I studied such records as part of my PhD examining Scottish reading habits between circa 1750 and 1820. Women are largely hidden as readers in historic library borrowing records, especially in libraries which restricted access to men. But sometimes they show up as borrowers directly, or it is recorded that a book was borrowed on their behalf. Other female members of the family may potentially have read any other book borrowed from the library.

At Haddington’s Gray Library which I studied female borrowers make a prominent appearance, and their borrowing patterns can also be compared with male borrowers at the same time. For example it’s possible to detect that they were borrowing on different days of the week from men, and that they also tended to choose a different pattern of books. For full details see my Journal of Scottish Historical Studies paper on this, which is available free in open access form.

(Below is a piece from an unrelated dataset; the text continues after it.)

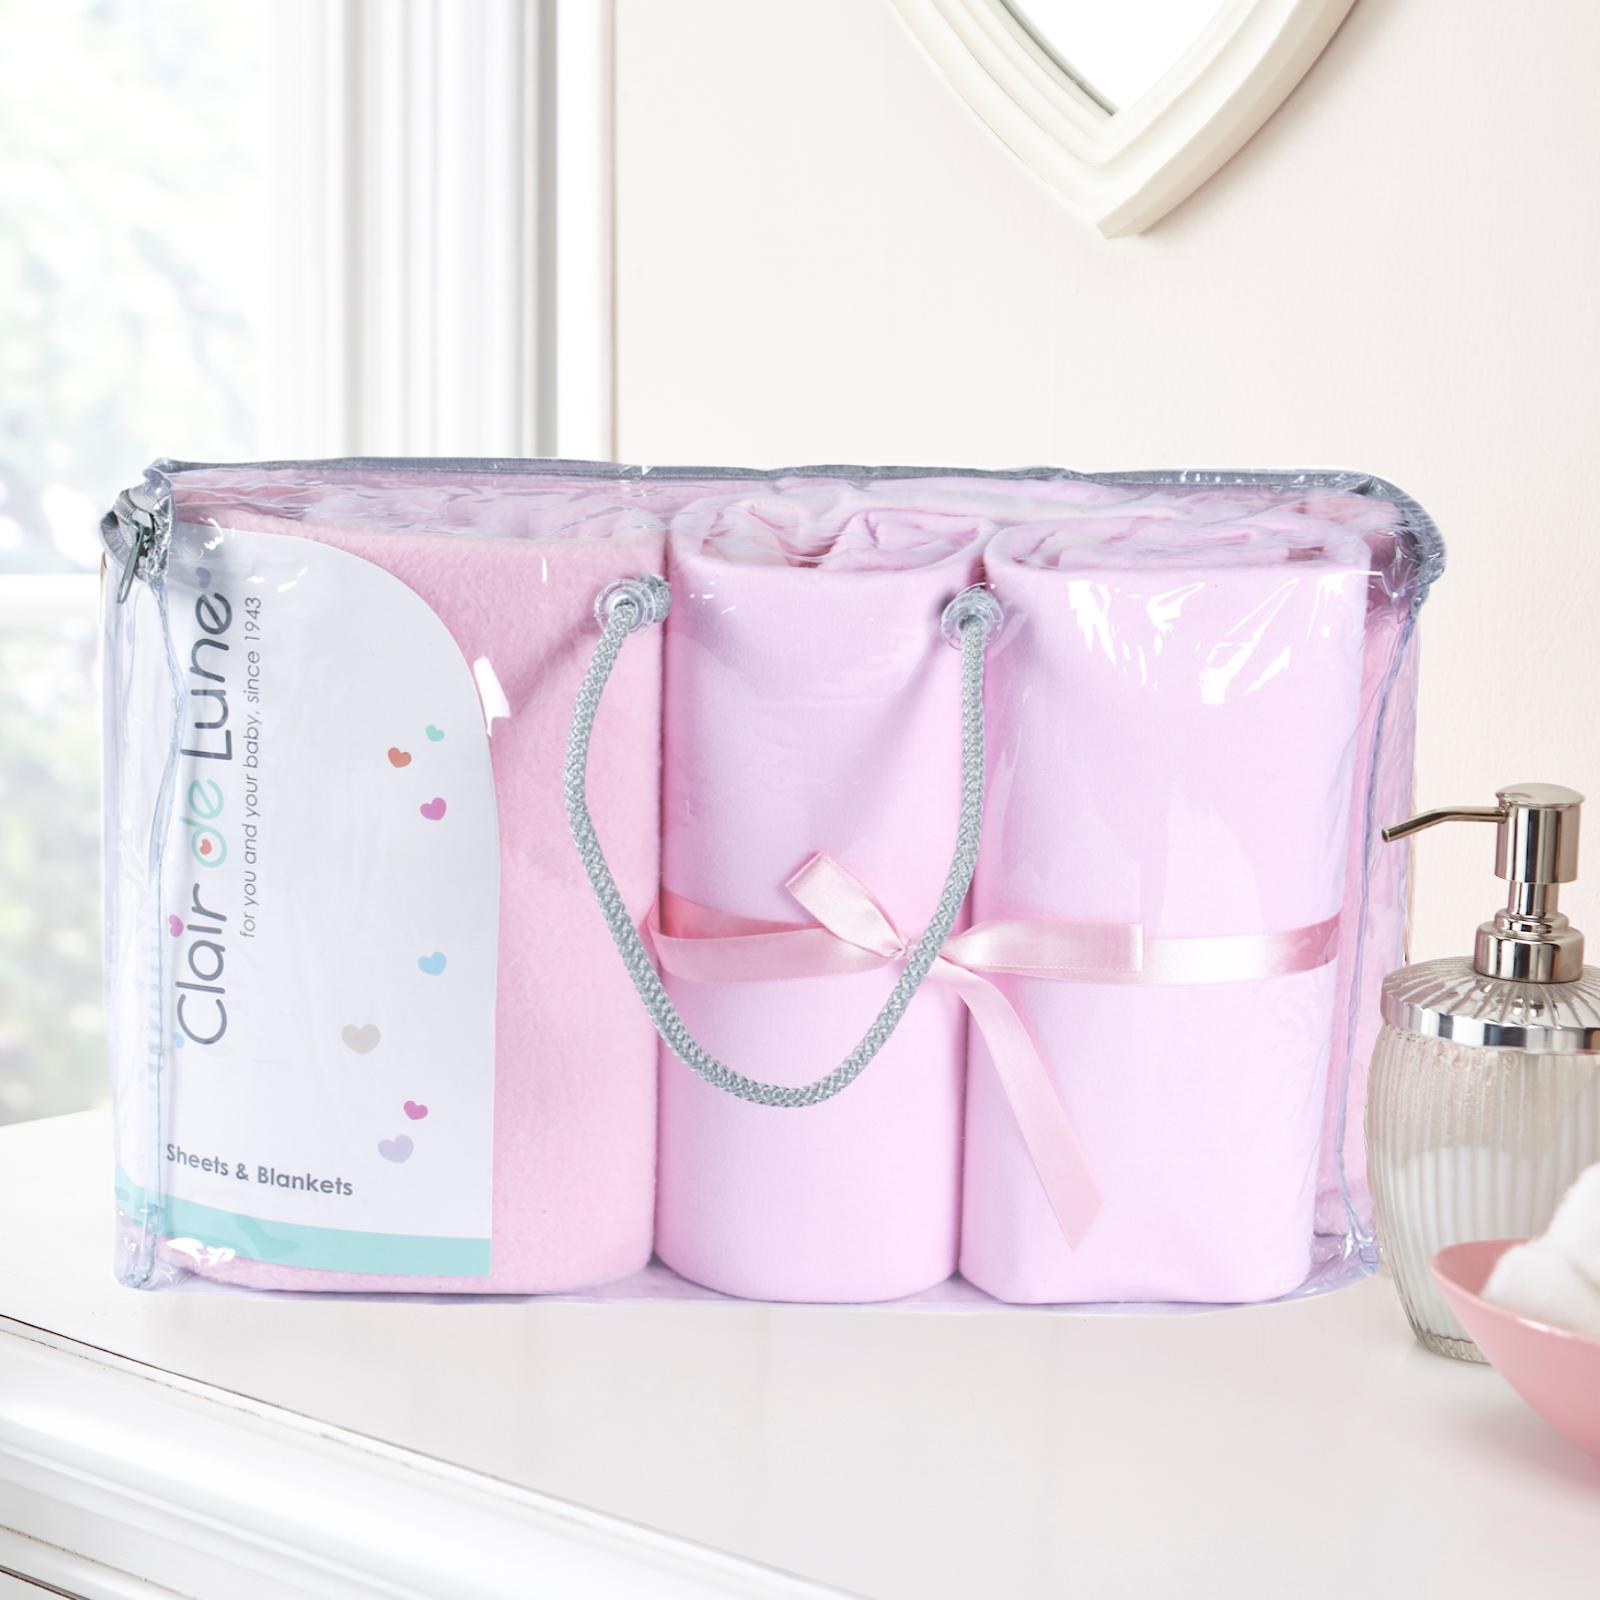 Clair De Lune 3 Piece Cot Bed Bedding Bale Gift Set Pink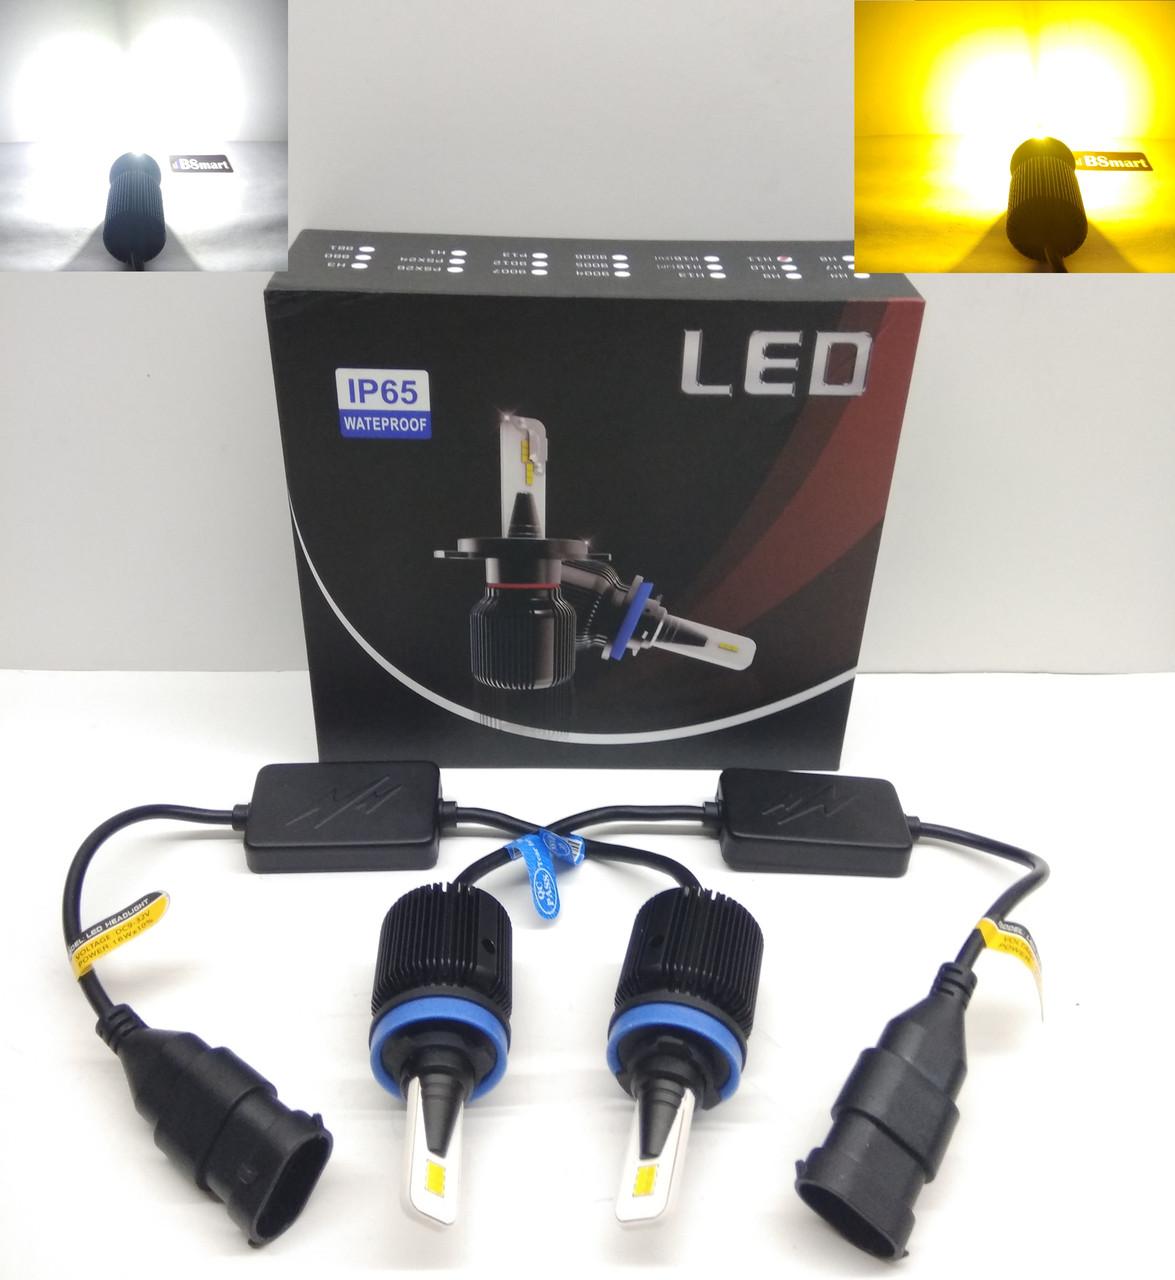 Автолампы LED M1 CSP Dual Color, H11, 8000LM, 40W, 9-32V

However for this blog post I want to focus on one female Haddington borrower in particular. Jean Veitch (ca1770-1804) was my 5xg-granny, the daughter of a watchmaker in the town, and granddaughter of a Border laird in Peeblesshire and Selkirkshire. Jean first appears in the Haddington library’s borrowing records in June 1785, when she was about 15, and her father William started to borrow books for her. Over the following months he borrowed several volumes of Fielding’s Works for Jean. At this time the library asked that anyone borrowing especially for someone else note that when they took out the book. This rule may not always have been followed rigidly though, and it is possible that William borrowed some other books for his daughter over the following years.

In December 1790 Jean is first recorded borrowing a book in her own name, a volume of Cook’s Voyages. A week later she borrowed a volume of Pope’s Works. This was the last mention of her in the record.

Jean married in 1794, to my 5xg-granddad Richard Somner. For more on her life story see my blog post about her.

Also potentially of interest is my blog post about her grandfather James Veitch of Glen and Bowhill, including the extensive library of books he left when he died. I don’t know if any of these passed down to his watchmaker son in Haddington.